4. Adjudication method for the test set:
- Not applicable. Adjudication methods are typically used when there's ambiguity in clinical interpretations or diagnostic outcomes. For a quality control material, performance is evaluated against predefined statistical limits and comparative analysis to a predicate.
5. If a multi reader multi case (MRMC) comparative effectiveness study was done, If so, what was the effect size of how much human readers improve with AI vs without AI assistance:
- No. This is not an AI-powered diagnostic device, and therefore, an MRMC study or evaluation of human reader improvement with AI assistance is entirely irrelevant and not performed.
6. If a standalone (i.e. algorithm only without human-in-the-loop performance) was done:
- Not applicable. This is a physical control material, not an algorithm.
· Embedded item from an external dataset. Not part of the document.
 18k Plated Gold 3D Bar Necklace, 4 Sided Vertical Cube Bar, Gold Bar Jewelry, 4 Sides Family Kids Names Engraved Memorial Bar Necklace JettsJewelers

7. The type of ground truth used:
- For the Precinorm and Precipath® RF Controls themselves: The "ground truth" (or target values) for the control material's analytes would be established through a "value assignment process" referenced in the description. This process involves "comparison to an analyte specific (and chemistry specific) calibrator." This implies a traceability to reference standards or highly characterized reference materials.
- For proving substantial equivalence: The predicate device's established performance and intended use serve as a comparative "ground truth."
8. The sample size for the training set:
- Not applicable. This product does not involve machine learning algorithms that require a training set.
9. How the ground truth for the training set was established:
- Not applicable. No training set is used.